TASK TO CARRY OUT:
Given the records below, the lines starting at the line with "Île de Bali" and ending at the line with "NEGATYWNY/WROGI KLIMAT SPOŁECZNY" should be output exactly, both end lines kept and pictures left out.

GIVEN DATA:
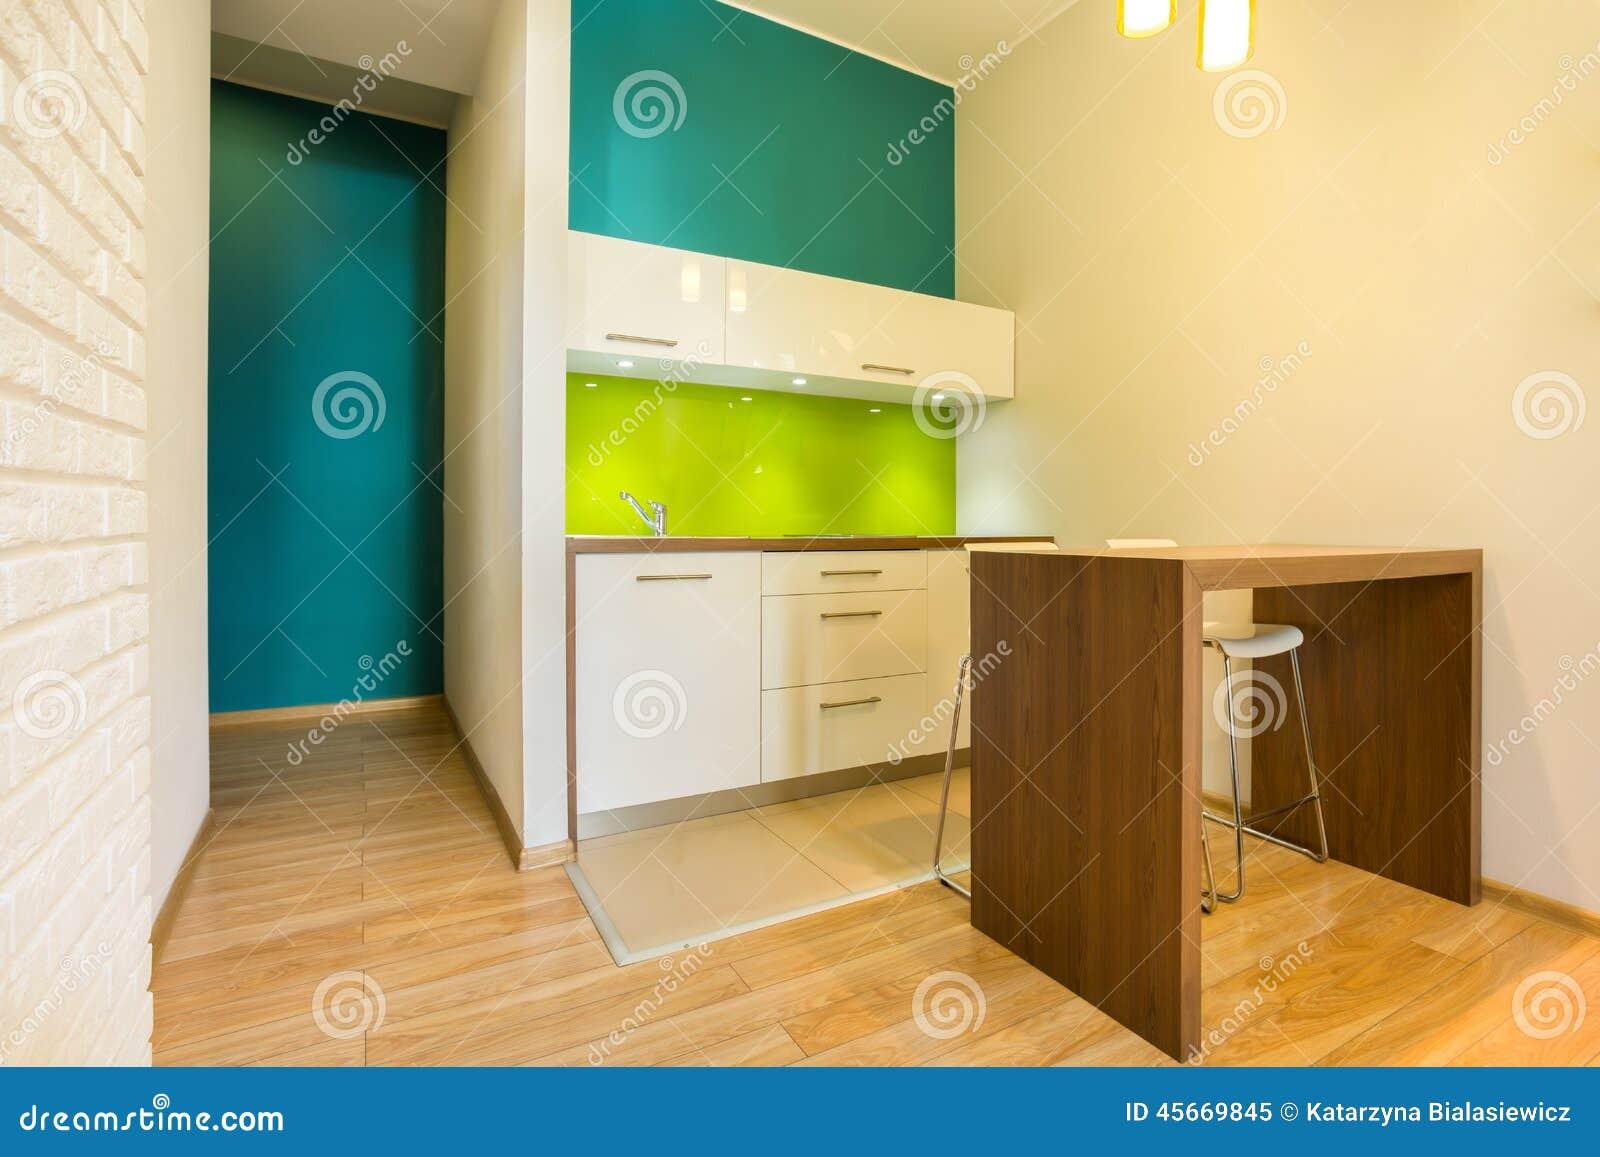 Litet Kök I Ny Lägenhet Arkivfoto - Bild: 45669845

--

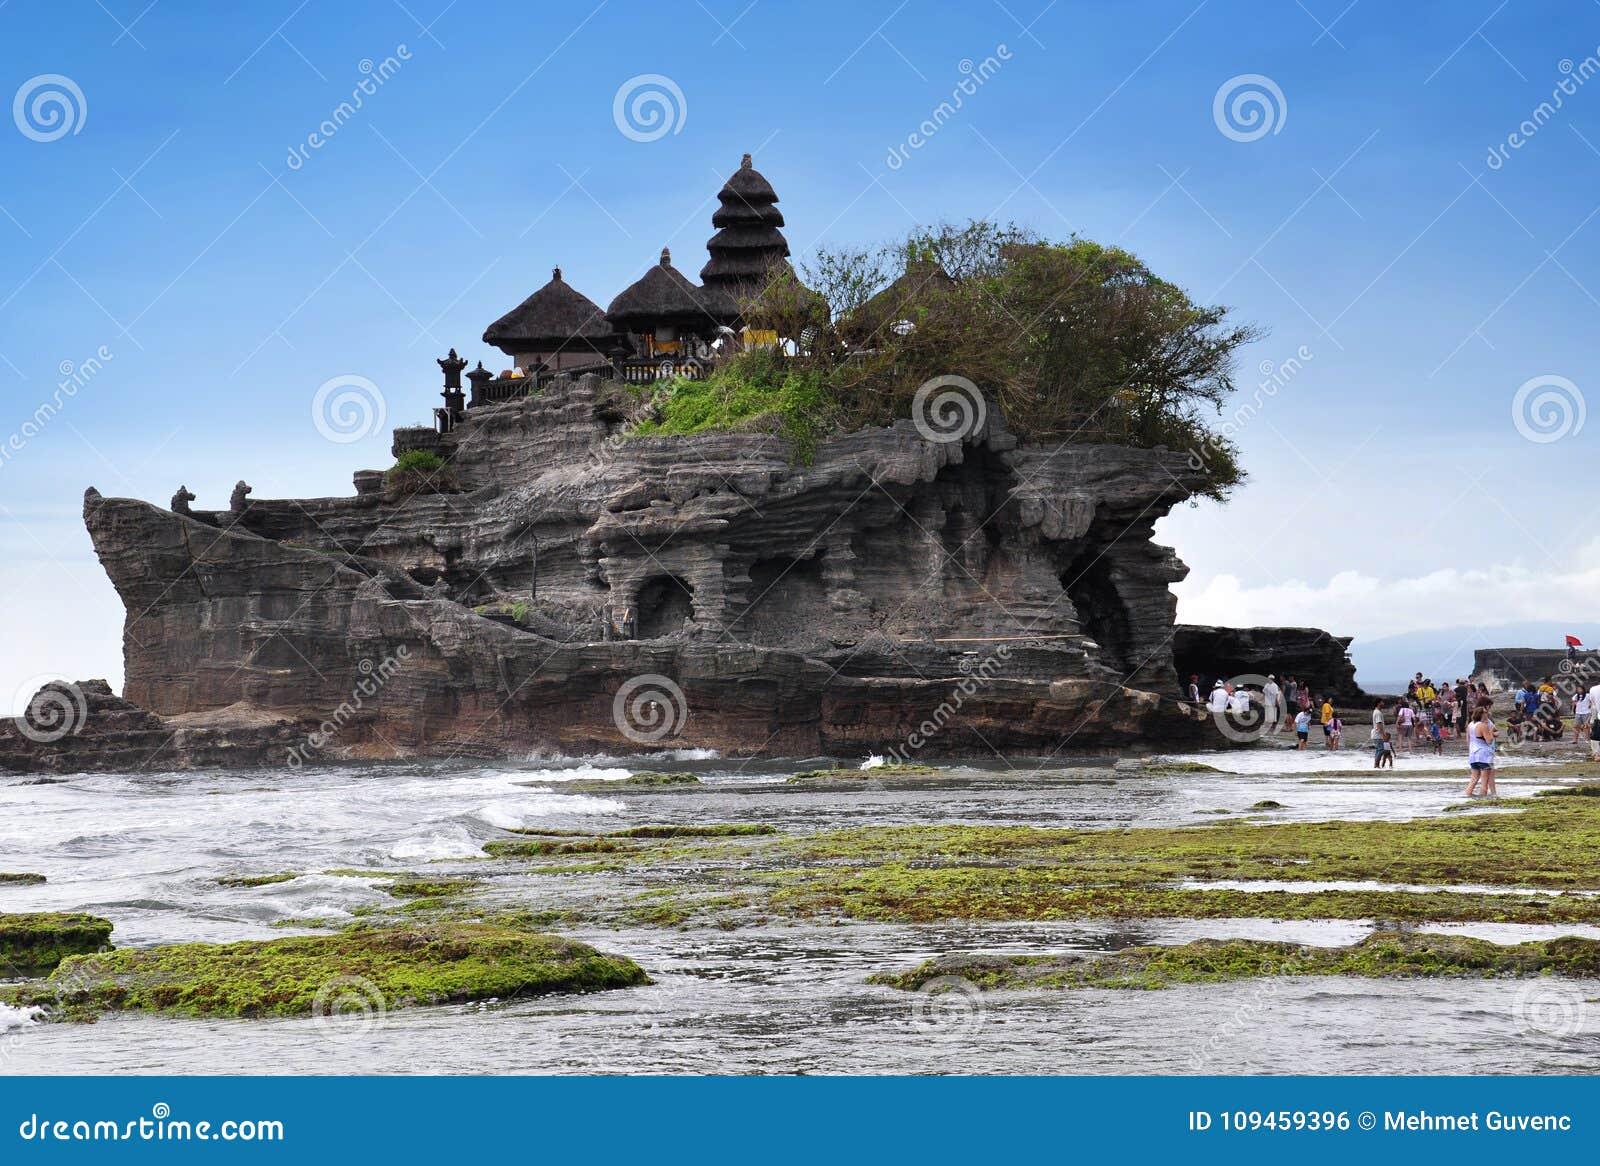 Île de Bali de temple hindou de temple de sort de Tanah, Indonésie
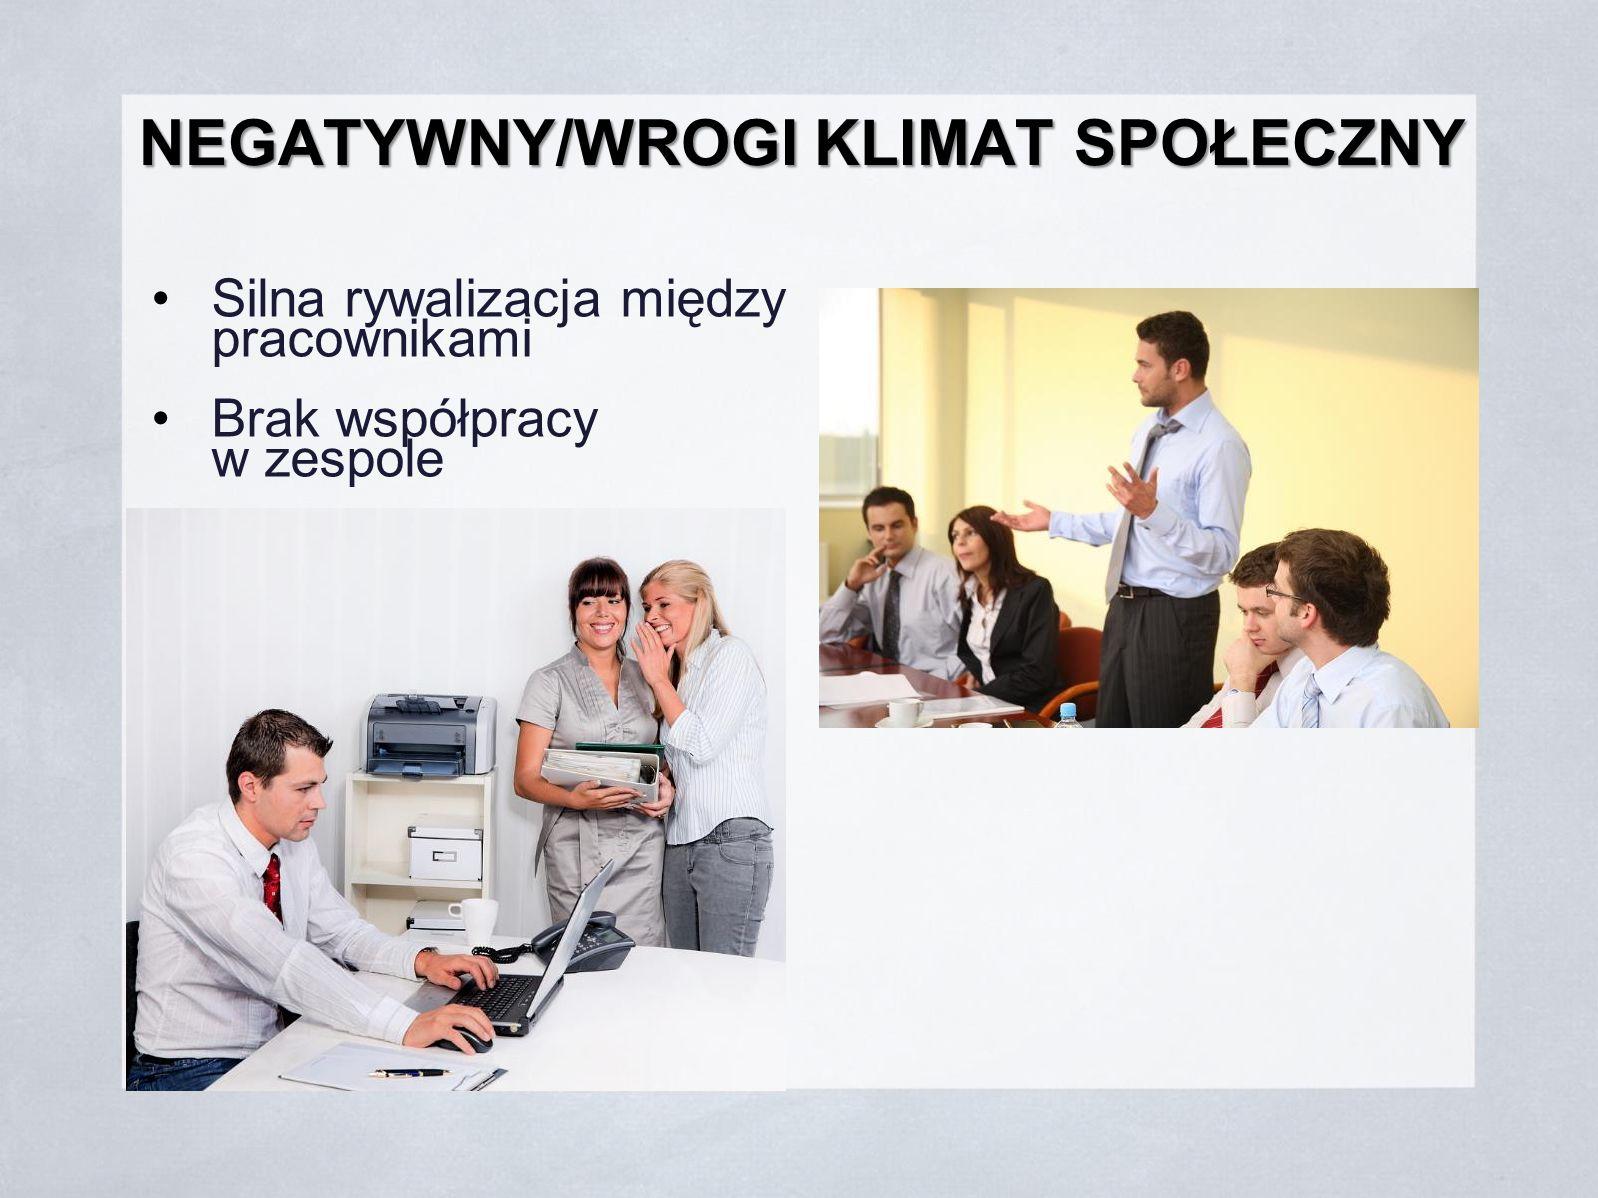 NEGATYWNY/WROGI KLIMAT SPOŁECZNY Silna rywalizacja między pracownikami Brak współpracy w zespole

TASK RESPONSE:
 Île de Bali de temple hindou de temple de sort de Tanah, Indonésie
 NEGATYWNY/WROGI KLIMAT SPOŁECZNY Silna rywalizacja między pracownikami Brak współpracy w zespole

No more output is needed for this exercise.